The Psychological Effects of Wars
War has disastrous effects on the health and well-being of children and young people.
Wars destroy societies and families and often disrupt the development of nations’ social and economic fabric. The consequences include;
- Long-term physical and psychological damage to children and adults.
- A decline in physical and human capital.
- Conflict causes various mental health problems.
During the war, the individual tries to avoid dangers with all his strength and to stay alive; therefore, some express a state of shock by crying and intense anxiety, and others rely (postponement) upon, which is the psychological process during which the individual lives a semi-natural state immediately after the trauma.
The resulting psychological symptoms appear For a while after the threat has passed; these symptoms include:
- Severe anxiety.
- A noticeable increase in movement.
- Sometimes absent from the present and a feeling of guilt.
- And may turn into physical problems such as stuttering.
- Returning to urination in young children.
- Hair loss in adults and others.
Psychological Effects of War on Families and Civilians
During the war, people can be exposed to many different traumatic events. That raises the chances of developing mental health problems—like post-traumatic stress disorder (PTSD), anxiety, and depression—and poorer adult life outcomes.

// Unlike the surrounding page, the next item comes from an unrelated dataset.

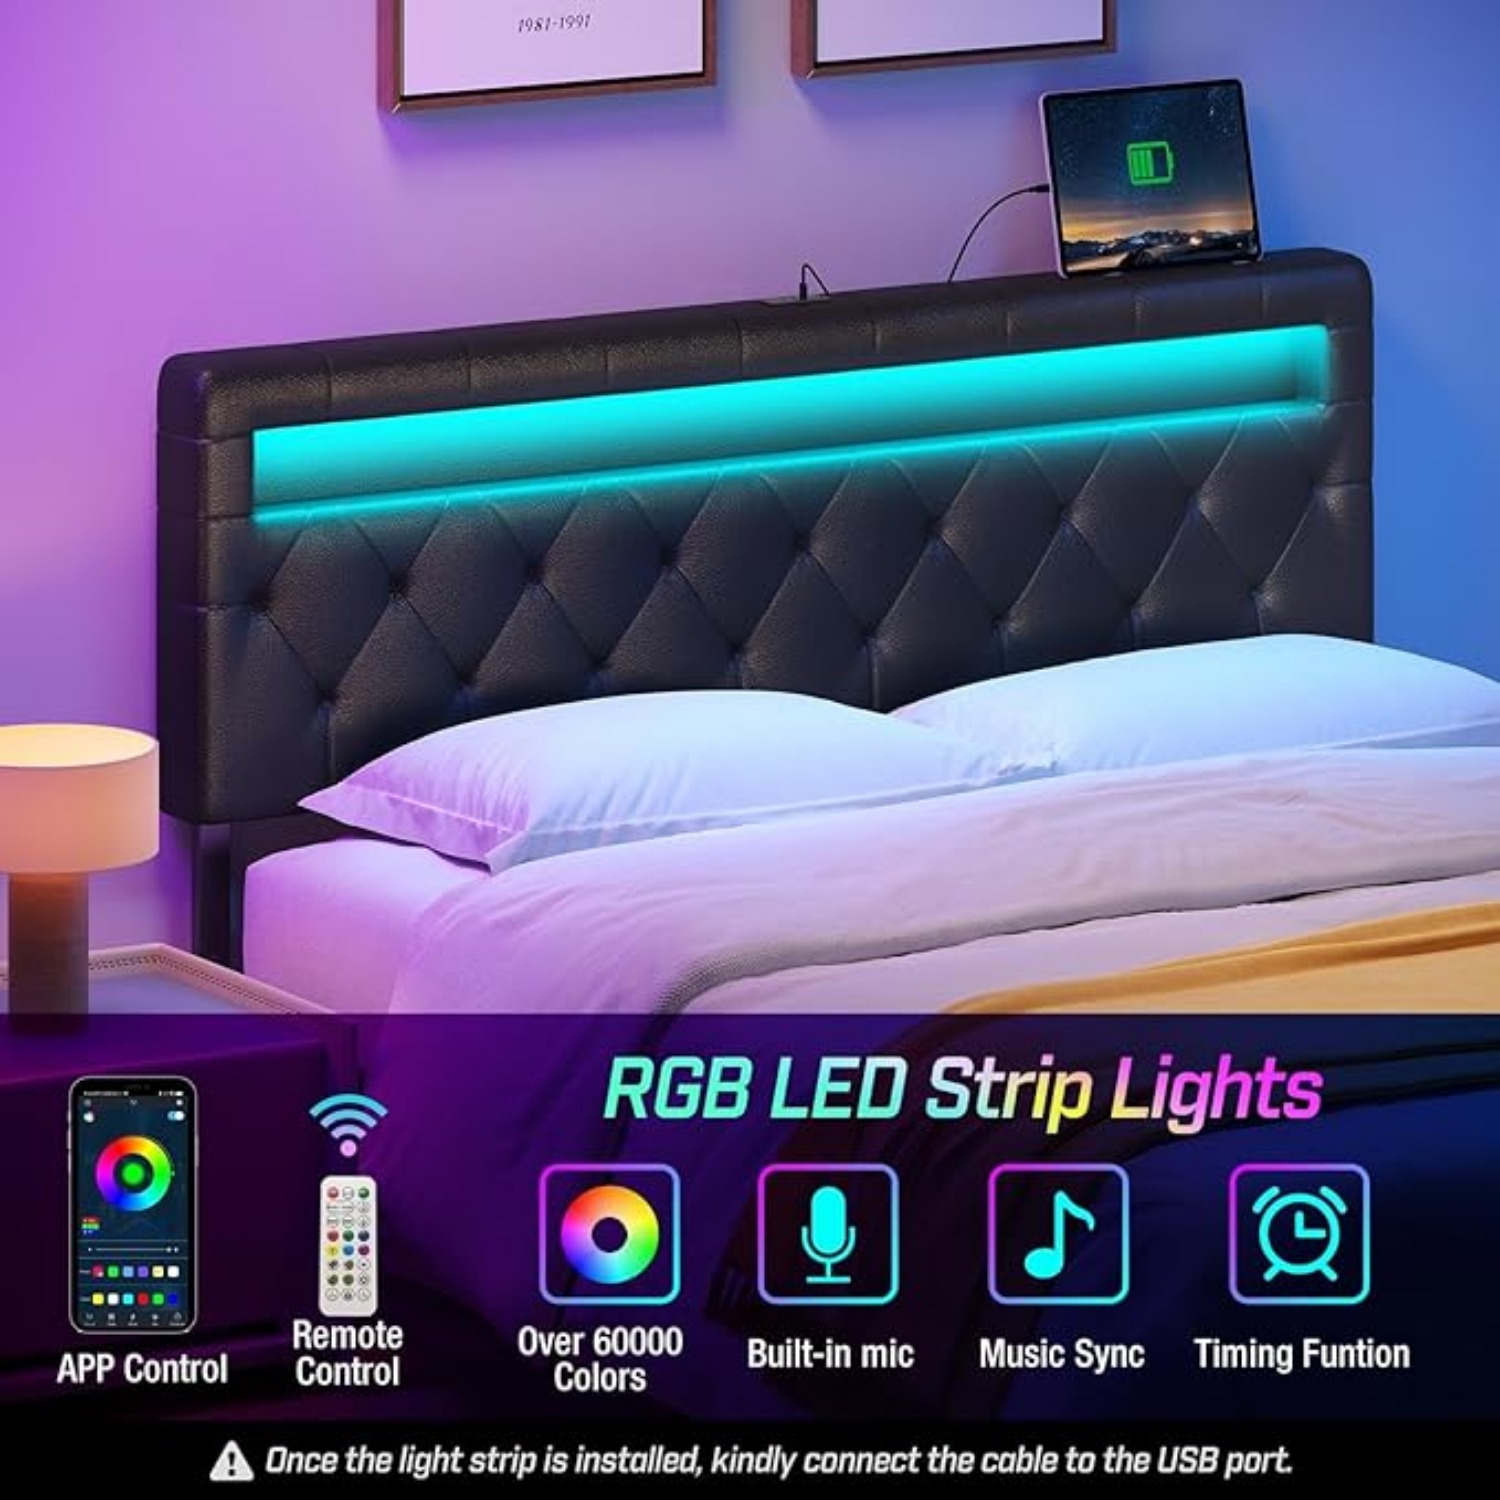 

Greenstell Headboard For Full Size Bed With 60, 000 Diy Color Of Led Light, Usb & Type C Post, Attach Frame, Height Adjustable, Black Wall Mounted Head Boards Only, Sturdy & Stable, Comfortable, Full
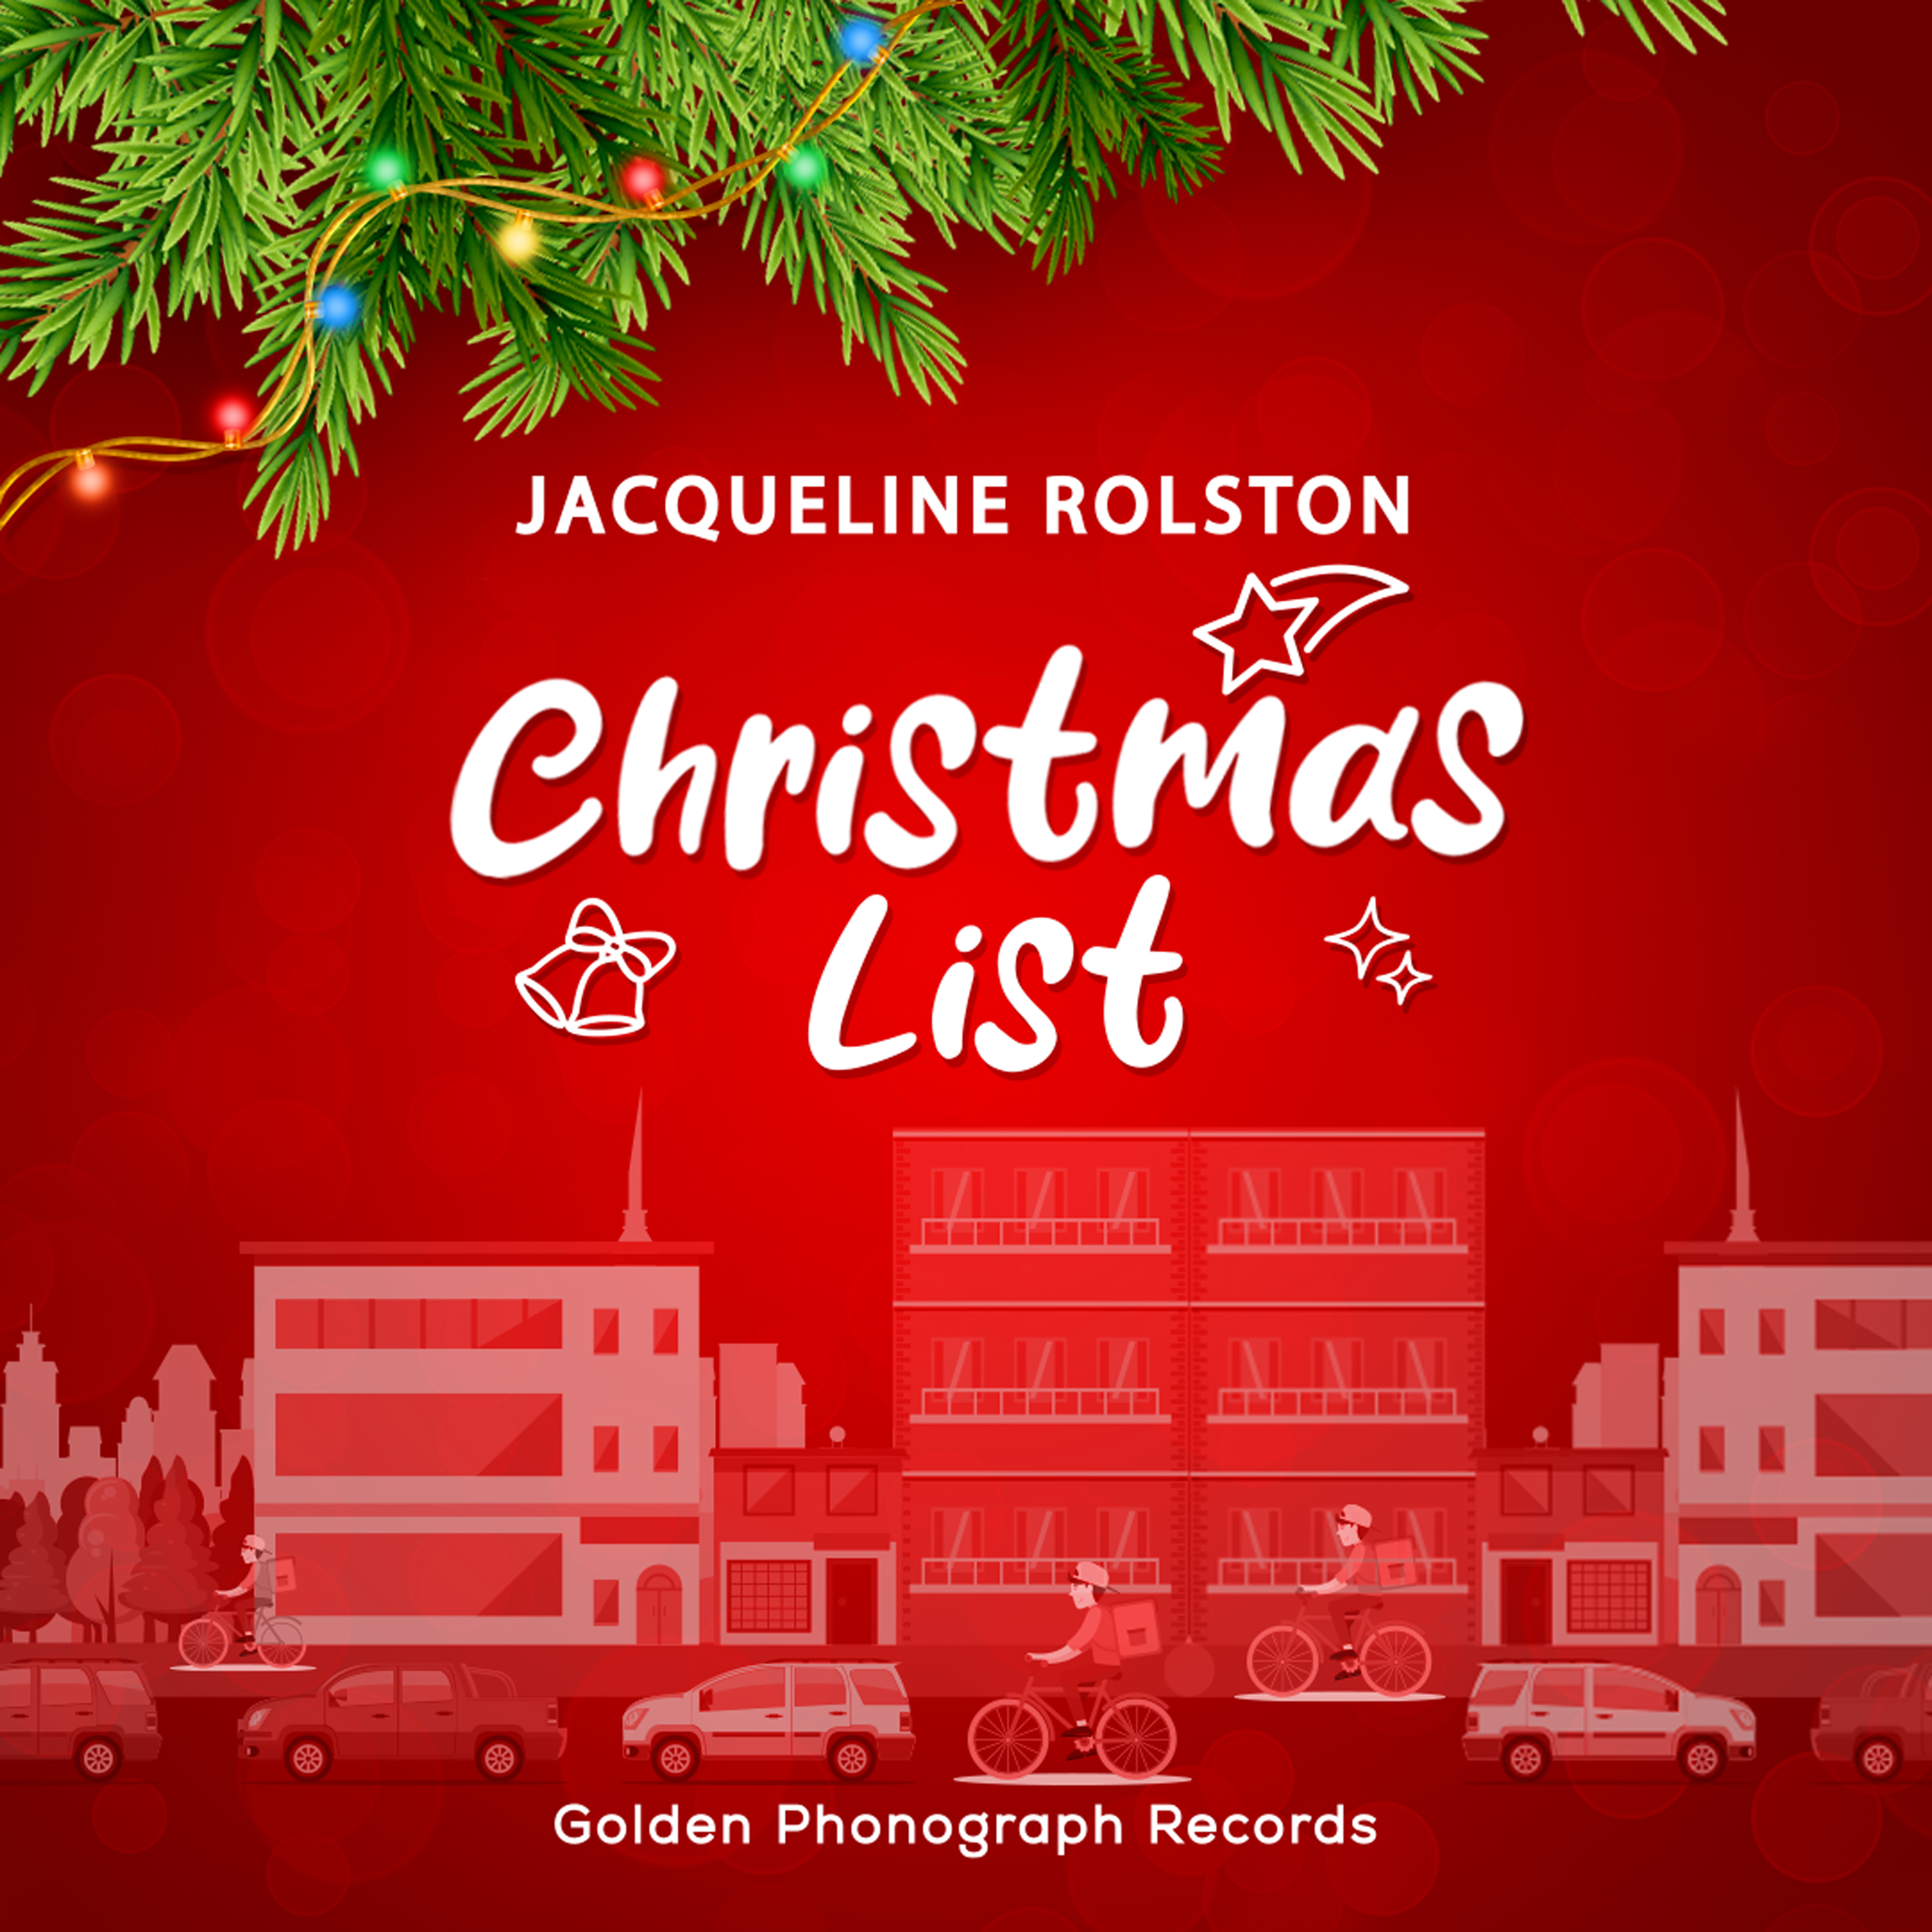 Jacqueline Rolston: "CHRISTMAS LIST" - The Christmas Song of the Year

In some violent armed conflicts, children may be separated from their families and communities by armed groups. These “child soldiers” can witness or participate in killings and experience other traumatic events. In addition to the psychological trauma and physical injuries, many former child soldiers face rejection from family and community after the war.
Living Through the War
Approximately 535 million children – nearly one in four – live in countries affected by conflict or disaster, often without access to health care, quality education, adequate nutrition, and protection.
The effects of conflict, natural disasters, and climate change force children to flee their homes, trap them behind conflict lines, and put them at risk of disease, violence, and exploitation. Despite remarkable progress, far too many children are left behind because of their gender, race, religion, ethnicity, or disability, because they live in poverty or hard-to-reach communities, or simply because they are children.
Children caught up in conflict or crisis may spend years of their early life displaced from their homes. They are especially vulnerable in…
- Crisis situations.
- Risk of physical harm.
- Psychological trauma.
They miss out on crucial social, emotional, and cognitive development opportunities, and their parents may struggle for help due to trauma and anxiety.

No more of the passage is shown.